Я посмотрела на него и по всем признакам, которые уже хорошо знала, поняла, что его душит похоть, что ему надо трахнуть меня в последний раз, совершить обряд обладания, поставить меня на колени. А еще я поняла, что это мой единственный шанс. Мужчина без штанов становится уязвим и расслаблен. В конце концов, если он вывалит свое самое уязвимое достоинство наружу, у меня будет шанс вырубить его на какое-то время…
- Так что теперь? - спросила я.
- Теперь? Ты хочешь знать, что теперь? - Он даже глаза прикрыл от удовольствия. - А теперь я поимею тебя так, как еще никто тебя не имел. Для начала…
К этому я уже была готова и только сказала:
- Пойдем в спальню?
Мне надо было его немного успокоить. Уж очень он был взведен. Прямо до отказа.
- Нет, дорогуша, никуда мы не пойдем… Раздевайся! Прямо здесь. Снимай с себя все!
И тут я все поняла.

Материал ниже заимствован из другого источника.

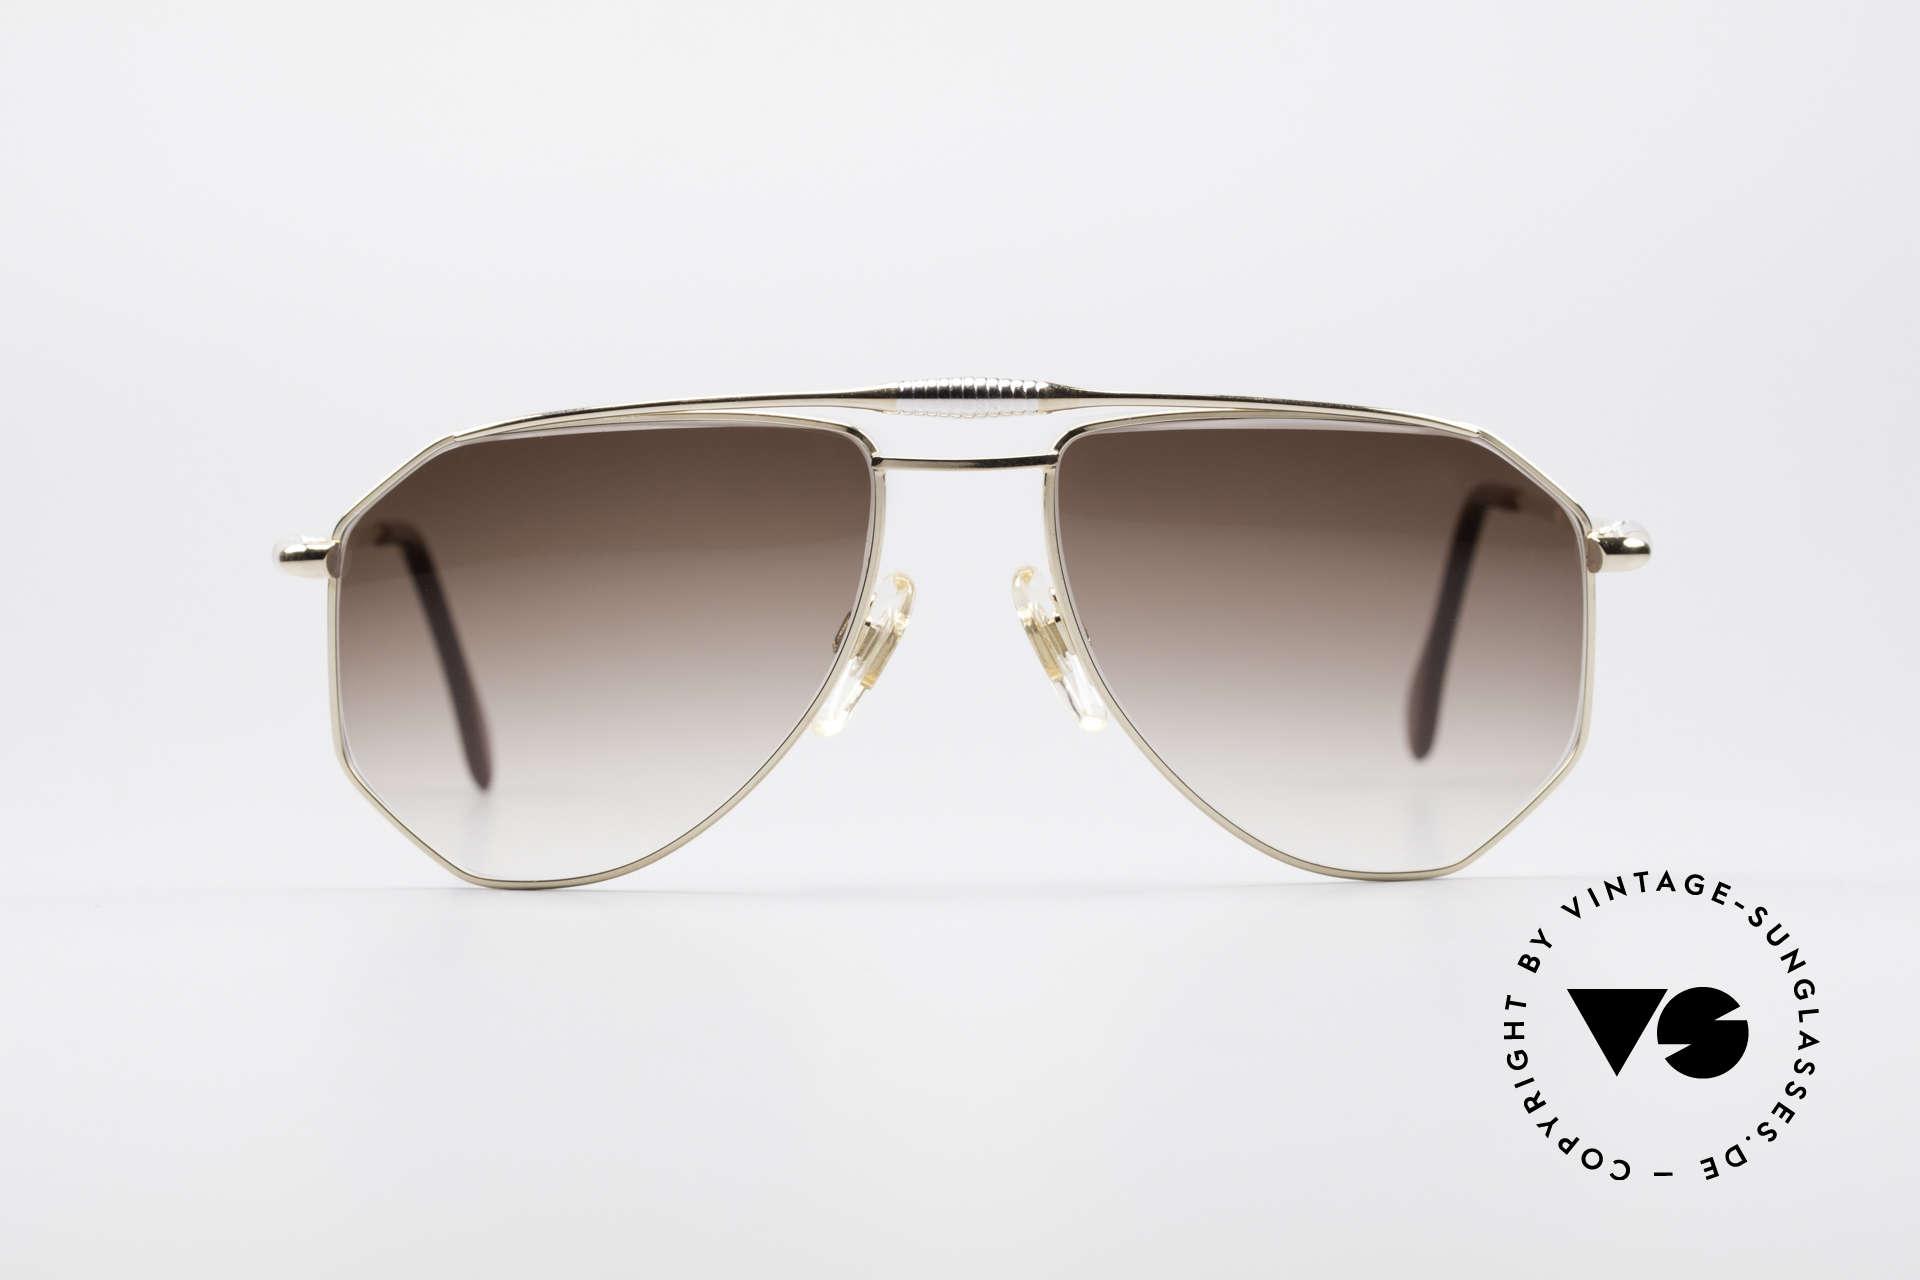 Zollitsch Cadre 120 Medium 80er Vintage Brille, markantes Herren-Modell in herausragender Qualität, Passend für Herren

Ему надо не просто овладеть мною. Он хочет меня изнасиловать. Зверски, оскорбительно. Ему надо унизить меня и надругаться. До этого мгновения я была уверена, что сам он меня убивать не станет, но бешенство просто душило и мутило его…
Уже ничего не соображая, я бросилась из кухни. Куда? Ведь входная дверь была заперта…
Он тоже, видимо, уже плохо соображая, рванулся за мной, схватил за свитер, я отчаянно дернулась, и он упал…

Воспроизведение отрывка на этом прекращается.